Por que "estranhos"? Porque quem não conhece a história completa (o contexto), o coração da pessoa (a intenção), e o amor de Deus agindo ali (a graça), só pode emitir um veredito superficial, frio e quase sempre injusto. E esse veredito se espalha como fogo, destruindo a caridade, a confiança e, muitas vezes, a chance de recuperação daquele que errou.
O Escudo da Caridade e a Identidade de Família
Somos irmãos. Esta é a nossa identidade mais profunda, forjada no Batismo e alimentada na Eucaristia. E o que faz uma família de verdade? Guarda os seus segredos, defende os seus membros.
Quando você "põe na berlinda" um irmão, você:
1. Quebra a lealdade familiar: Você se coloca como juiz e carrasco, não como protetor.
2. Destrói a Caridade: O amor, ensina São Paulo, “tudo desculpa, tudo crê, tudo espera, tudo suporta” (1 Cor 13,7). Falar mal, por outro lado, nada desculpa, nada crê, nada espera e nada suporta do outro.
3. Demonstra Soberba Oculta: No fundo, ao expor o erro do outro, queremos nos destacar como melhores, mais prudentes, mais santos. É uma forma sutil, mas perigosa, de orgulho.

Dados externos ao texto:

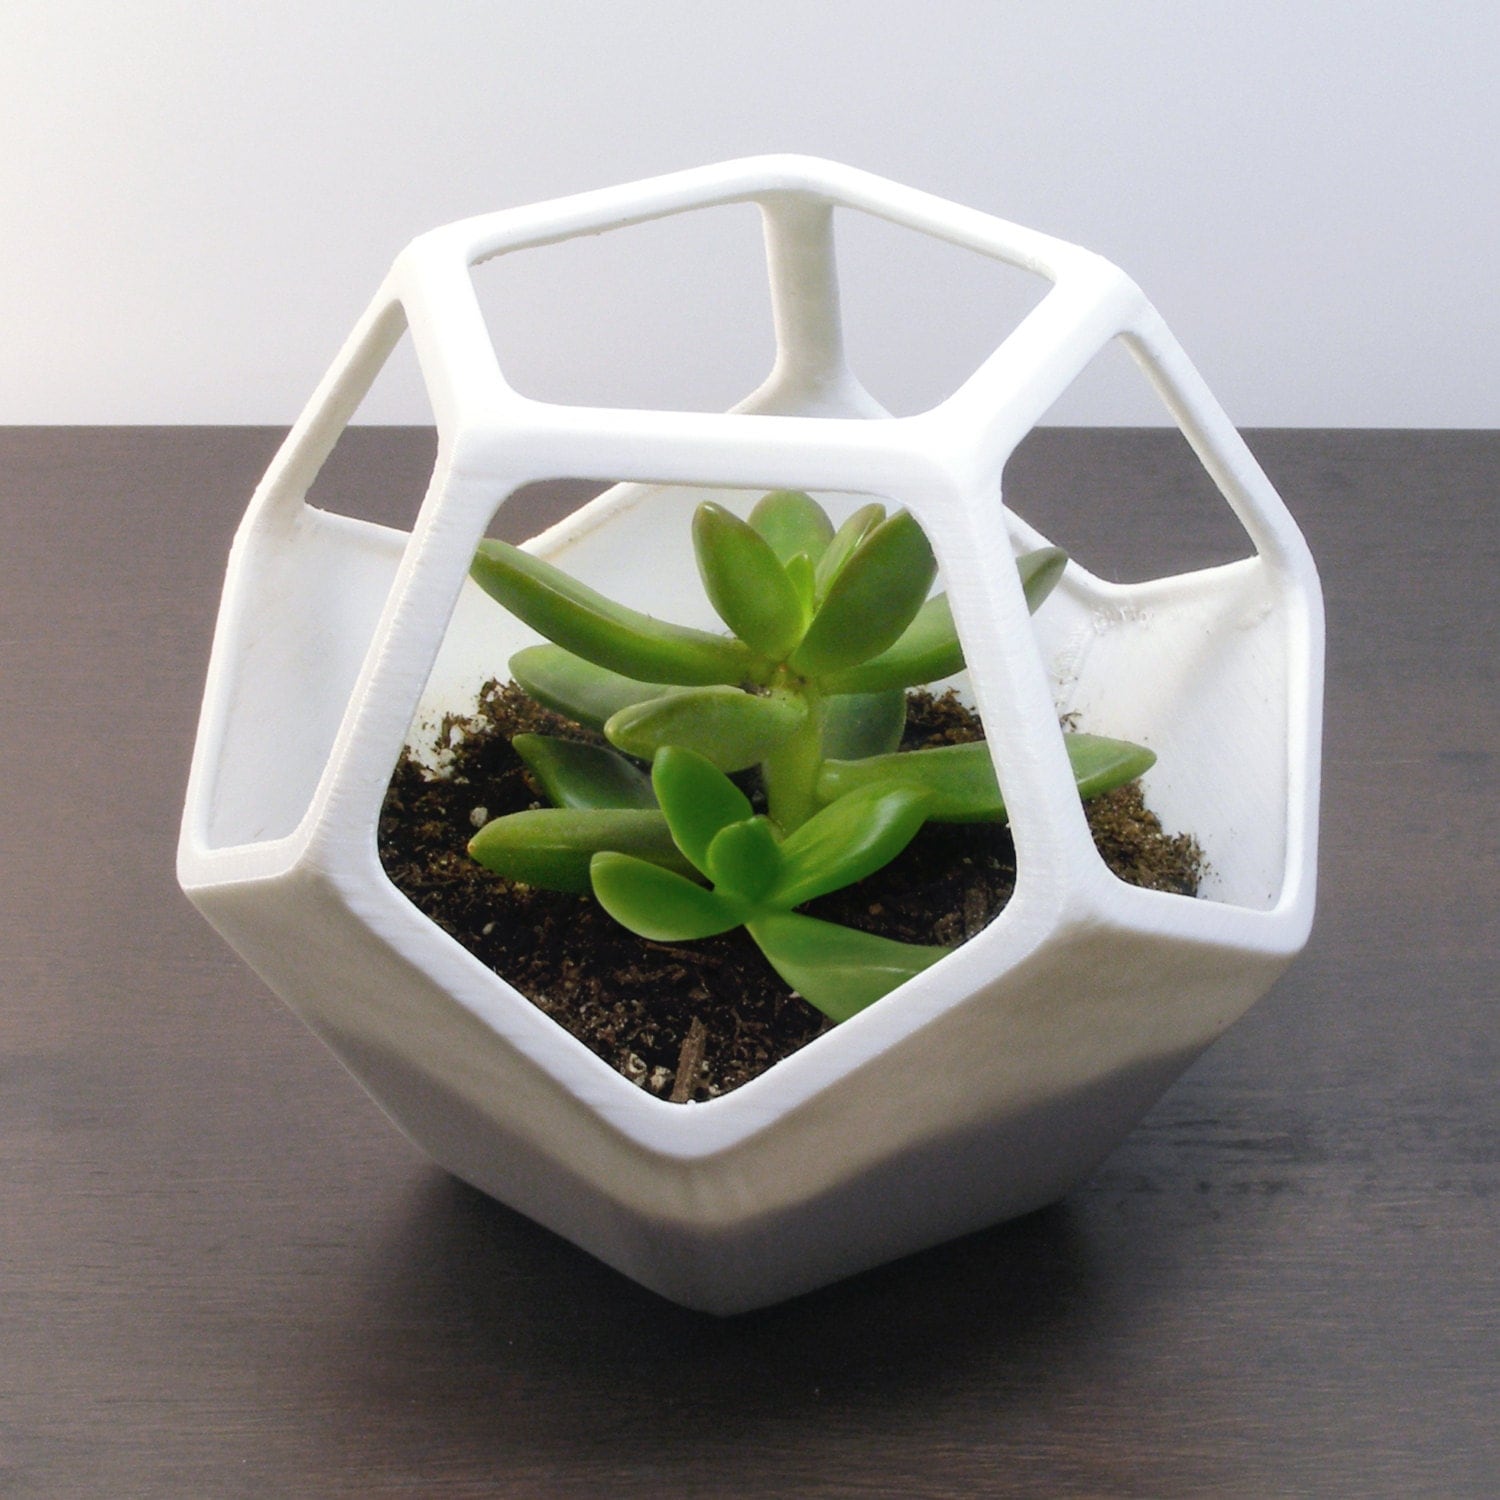 Dodecahedron Planter 3D  Terrarium 3D  Printed  Home by MeshCloud

A Resolução Persuadir a Alma
Se o seu objetivo é a santidade – e todo cristão é chamado a ela – então este texto de Josemaria é um mandamento para a sua vida: Proteja a marca dos seus irmãos. A marca é a sua reputação, a sua honra, a sua dignidade.
Como aplicar isso hoje?
• Piedosa Mordaça: Na dúvida sobre falar ou calar sobre o erro alheio, escolha o silêncio. Um ato de caridade muitas vezes é uma omissão: a omissão de um comentário desnecessário.
• Oração em Vez de Fofoca: Se a falha do seu irmão lhe causa dor, leve-a diretamente a Deus, no segredo do seu coração, e reze por ele. A intercessão é a forma mais alta e eficaz de "falar" sobre o próximo.

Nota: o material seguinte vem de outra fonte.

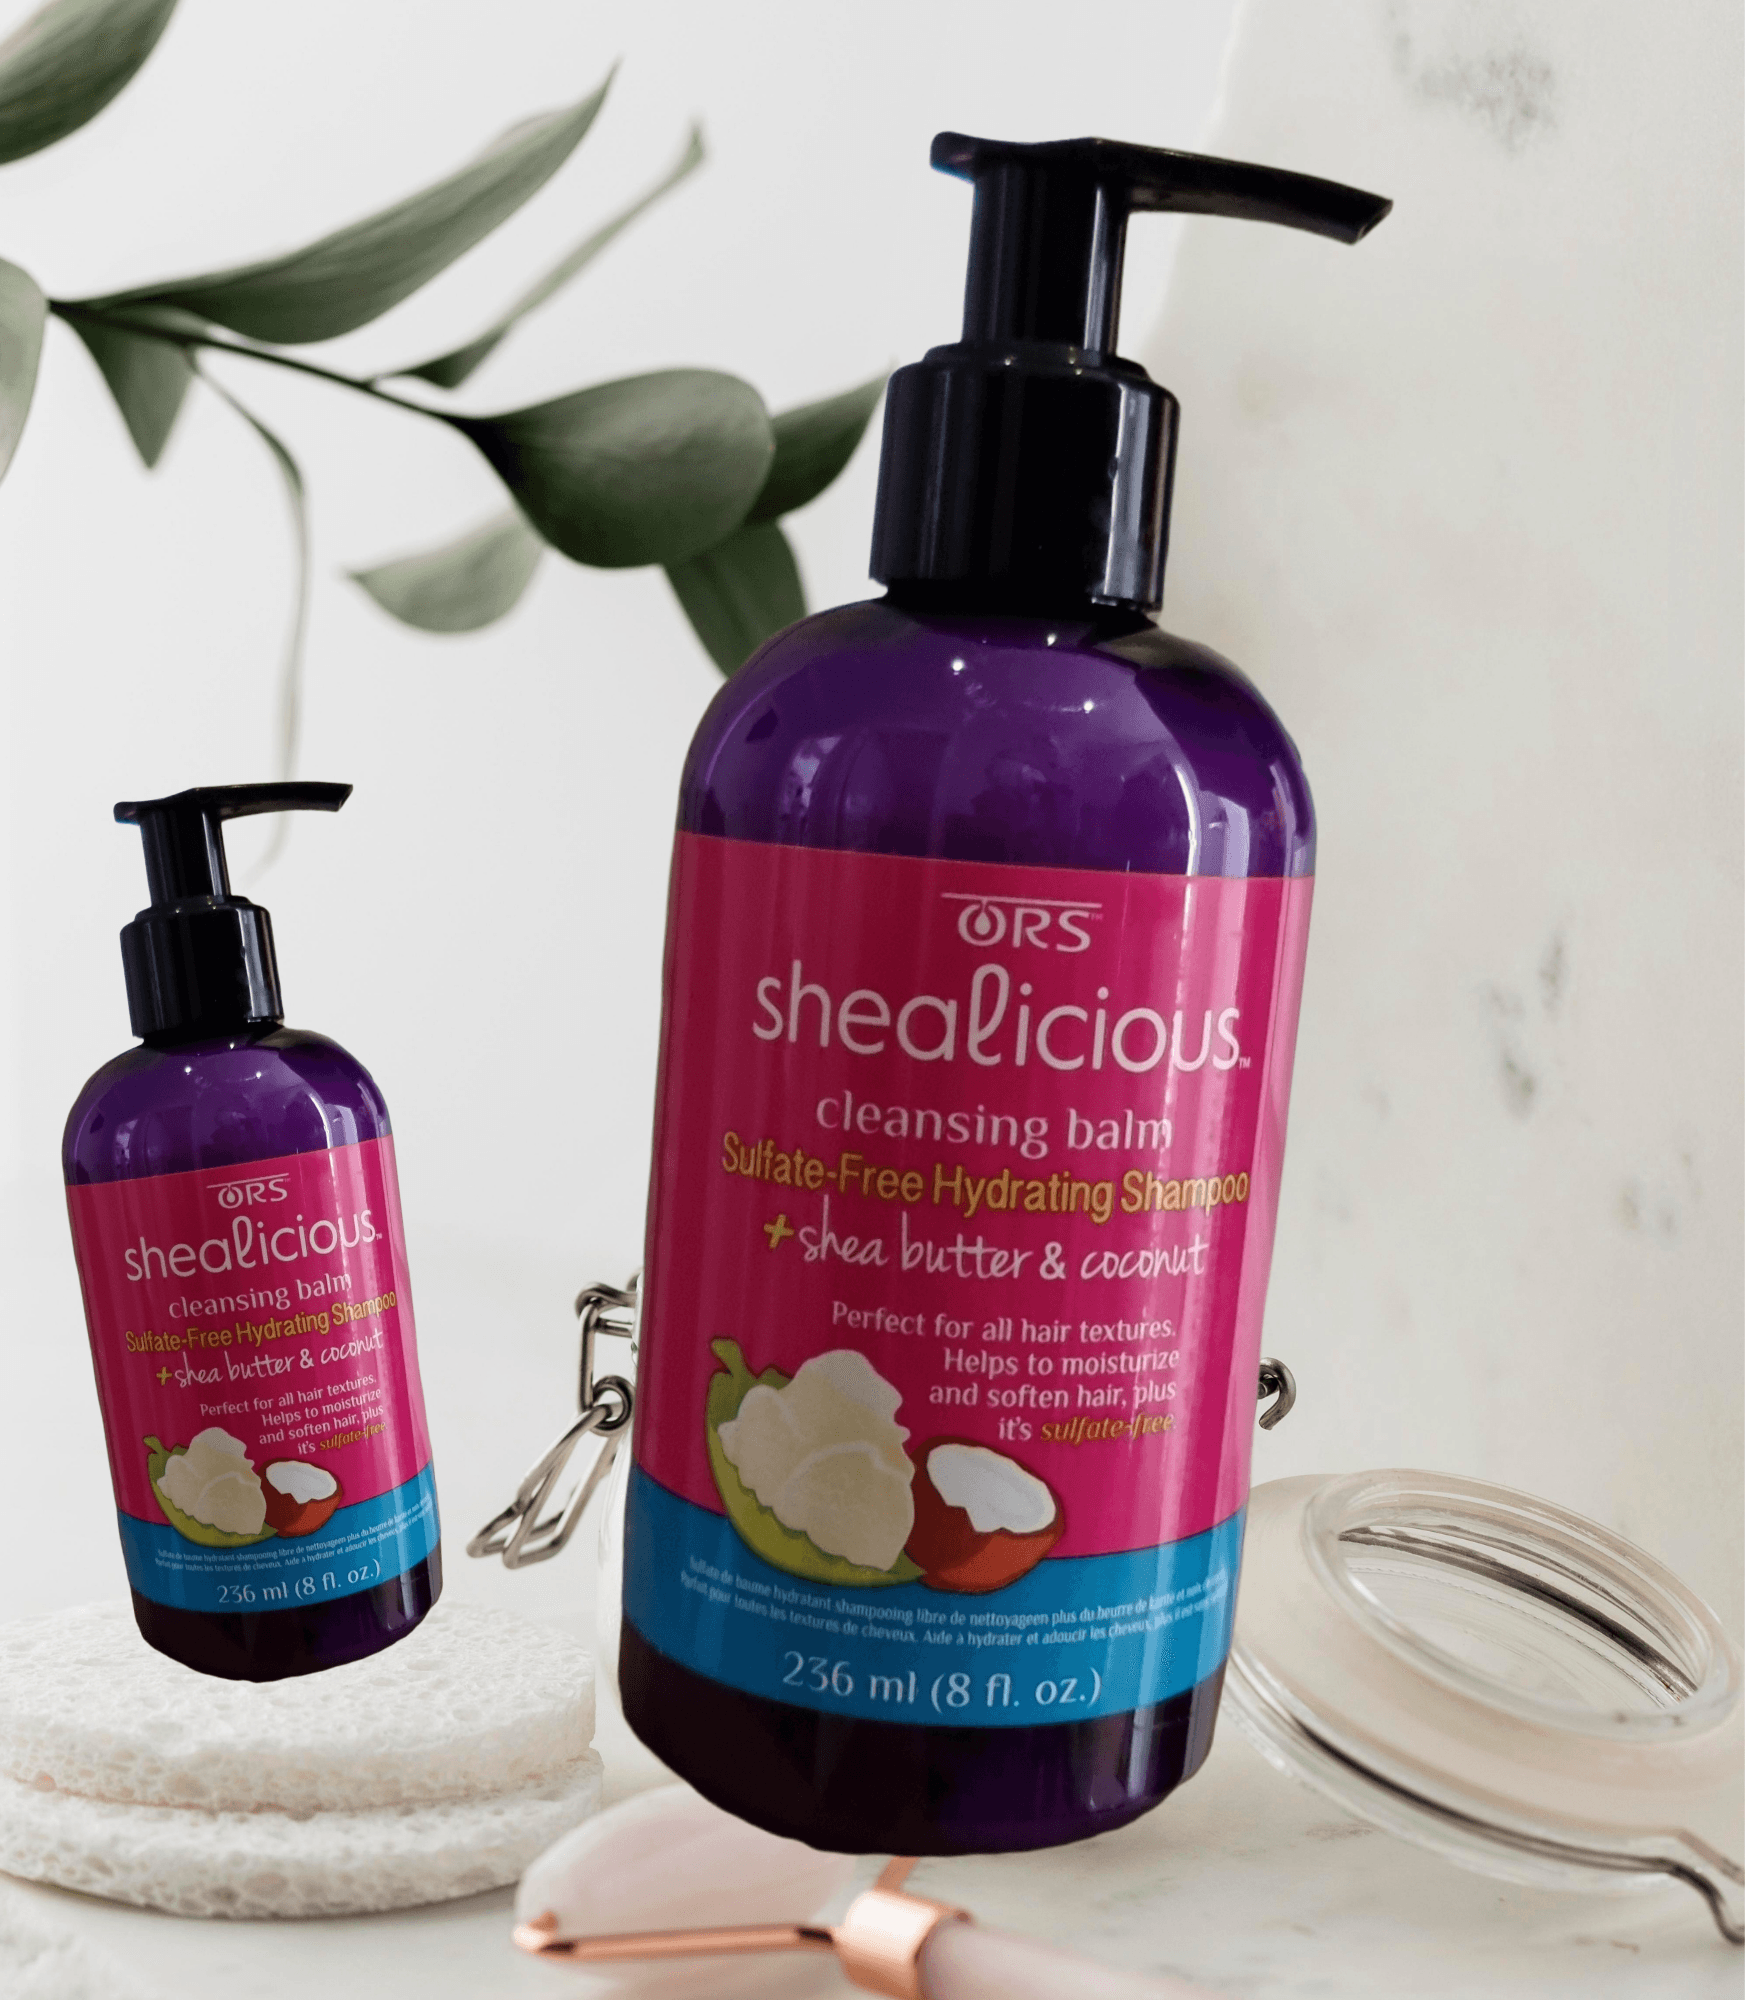 ORS Shealicious Cleansing/Hydrating Shampoo - LocsNco

• Conversa Direta e Caridosa: Se a situação é grave e exige intervenção, vá diretamente ao irmão ("a sós", como ensina Jesus em Mt 18,15) ou à autoridade competente. Não use terceiros para criar uma corte de julgamento.
Viva a Lógica de Cristo
Lembre-se do maior exemplo de caridade: Jesus Cristo. Ele viu a nossa miséria, o nosso pecado, a nossa falha total. E, em vez de "nos pôr na berlinda" diante dos Anjos e dos "estranhos" do Universo, Ele tomou nossa berlinda para Si, subindo à Cruz e carregando o peso da nossa vergonha.
O cristão é aquele que se esforça para viver a lógica de Cristo. E a lógica de Cristo é a da caridade que cobre a multidão de pecados (1 Pedro 4,8), não a que a expõe.
Seja menos ingênuo, meu filho, minha filha. Seja mais caridoso. Guarde o tesouro da honra de seus irmãos. Esta é a verdadeira medida da sua maturidade diante de Deus.
Você tem usado o seu tempo e suas palavras para construir ou para demolir a fama de quem está ao seu lado? A reflexão de São Josemaria nos convida a uma conversão imediata. Que tal começar este caminho de caridade, hoje, oferecendo um dia de silêncio sobre as falhas alheias?